Deep Learning-Based Predictive Analytics for Weapon Detection: A Fusion of FMR-CNN and YOLOv9 Models
DOI:
https://doi.org/10.21015/vtse.v13i2.2136Abstract
The early detection of firearms from surveillance videos is necessary to improve public security and life. Even with the growing advancement of Deep Learning (DL) techniques, difficulties persist in distinguishing generic items from weapons in surveillance footage. While deep learning has significantly advanced generic object identification, weapons detection demands specialized methods that maintain high accuracy and processing efficiency. This study addresses these challenges by presenting a novel hybrid deep learning system that combines the strengths of Faster R-CNN, Mask R-CNN, and the YOLOv9s architecture.

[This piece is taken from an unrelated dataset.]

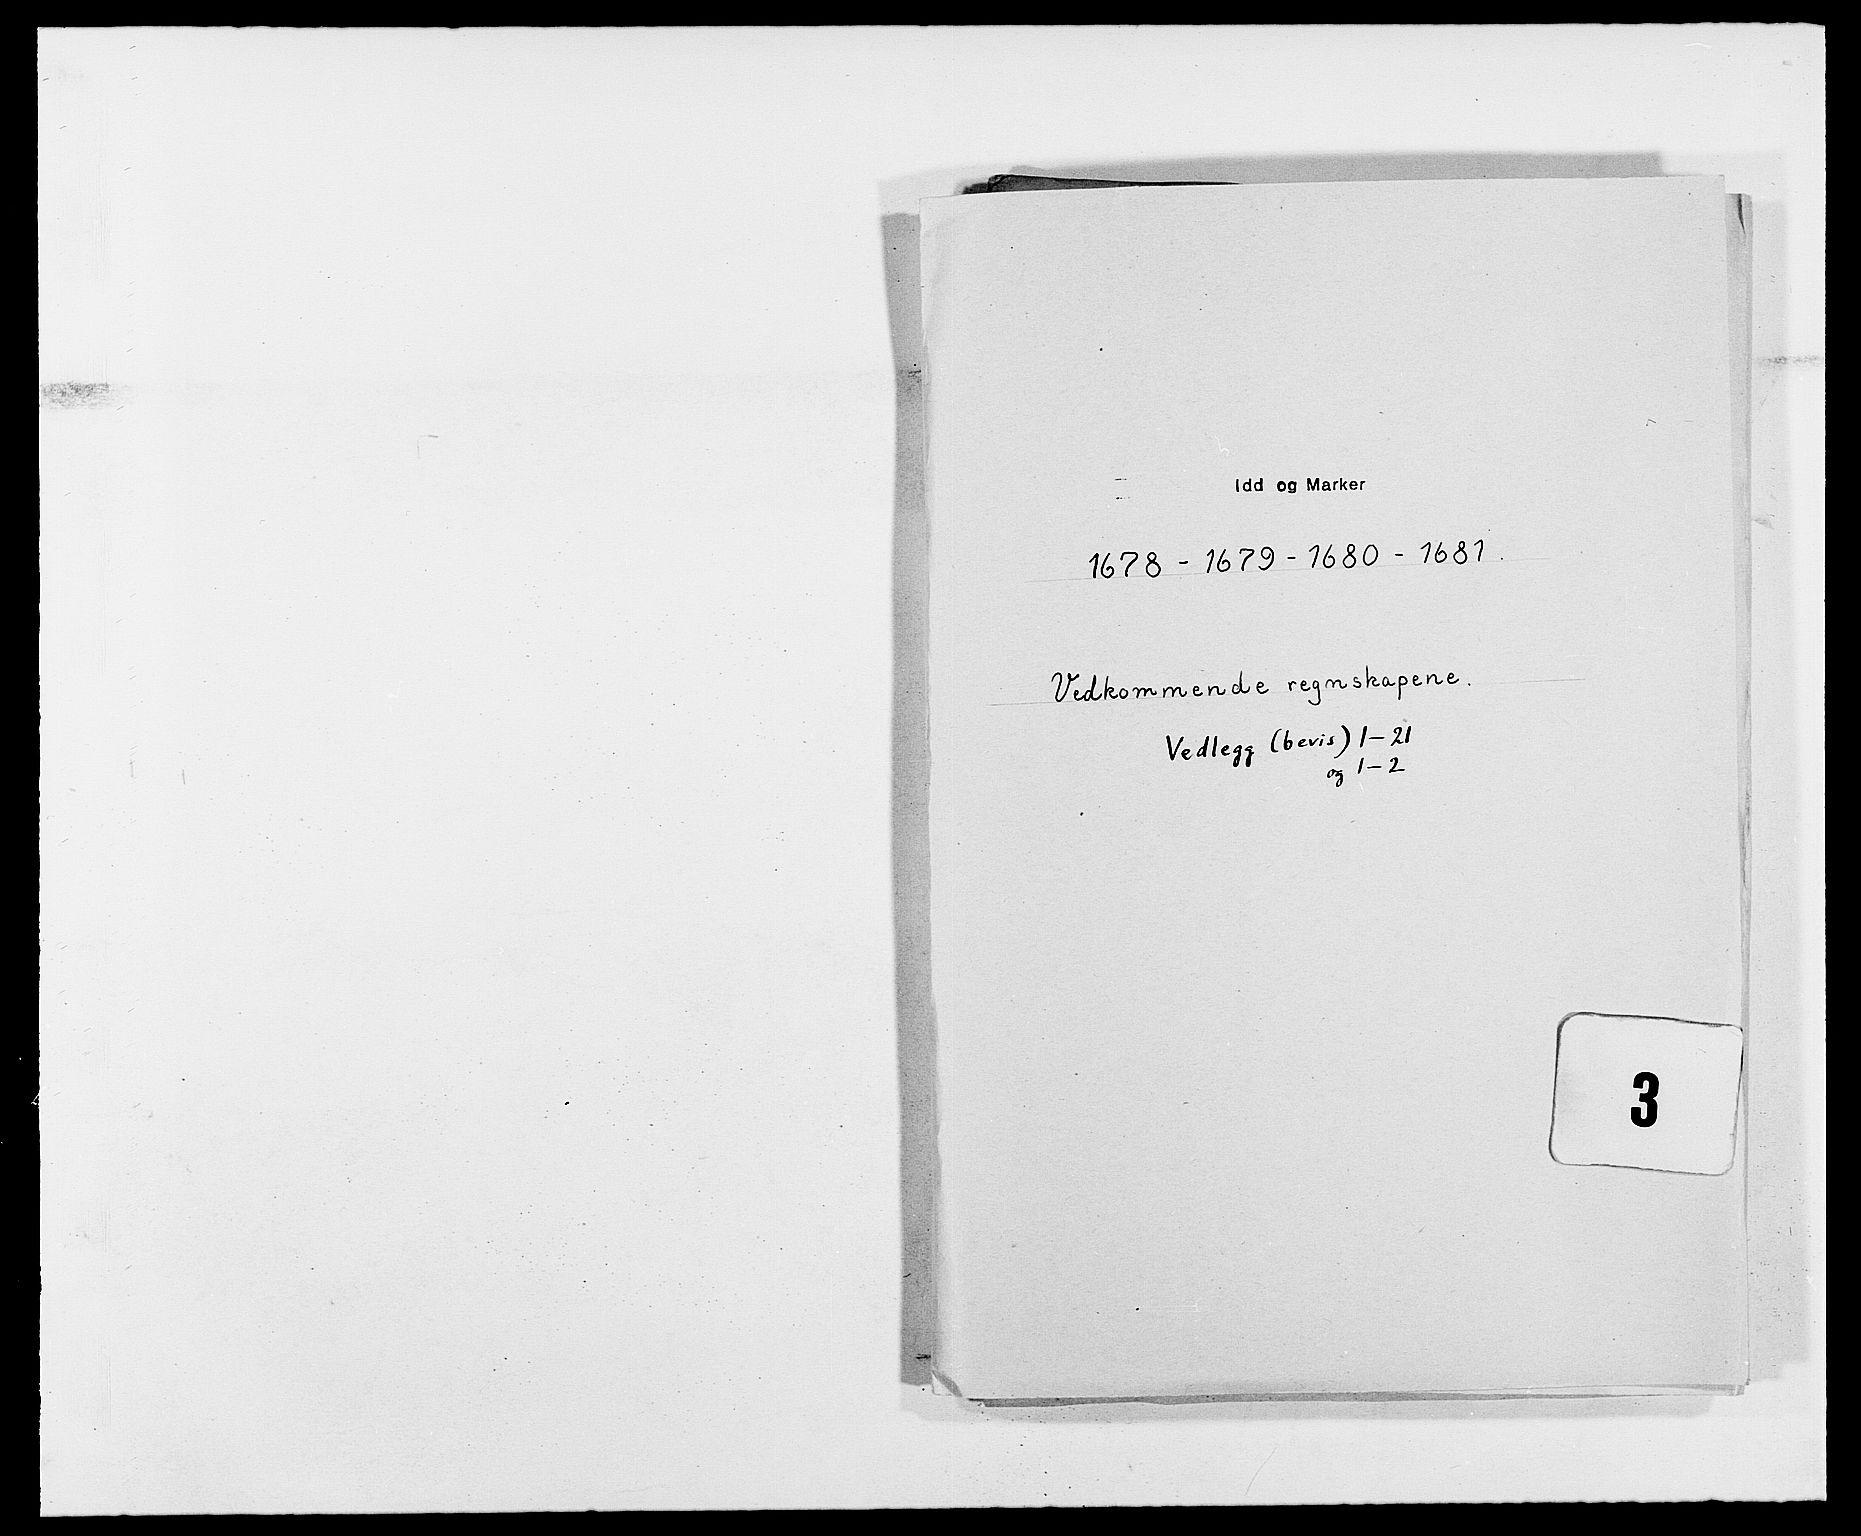 RA, Rentekammeret inntil 1814, Reviderte regnskaper, Fogderegnskap, R01/L0003: Fogderegnskap Idd og Marker, 1678-1681, s. 188

The aim is to enhance surveillance systems through predictive analytics and automatic weapon identification for defensive security measures. This research focuses on deep learning to create an intelligent detection system that improves operational effectiveness and recognition accuracy. The testing results indicate that the hybrid technique outperforms the individual models, achieving an overall accuracy of 99.02%, along with comparable precision and recall scores. In contrast, YOLOv9s alone achieved an accuracy of 98.70%, while other standalone models showed lower performance. However, the technique still faces limitations in poorly lit or visually cluttered environments.The proposed framework represents a flexible, scalable, and precise tool for instantaneous weapon spotting, contributing substantially to intelligent monitoring technologies and community protection efforts.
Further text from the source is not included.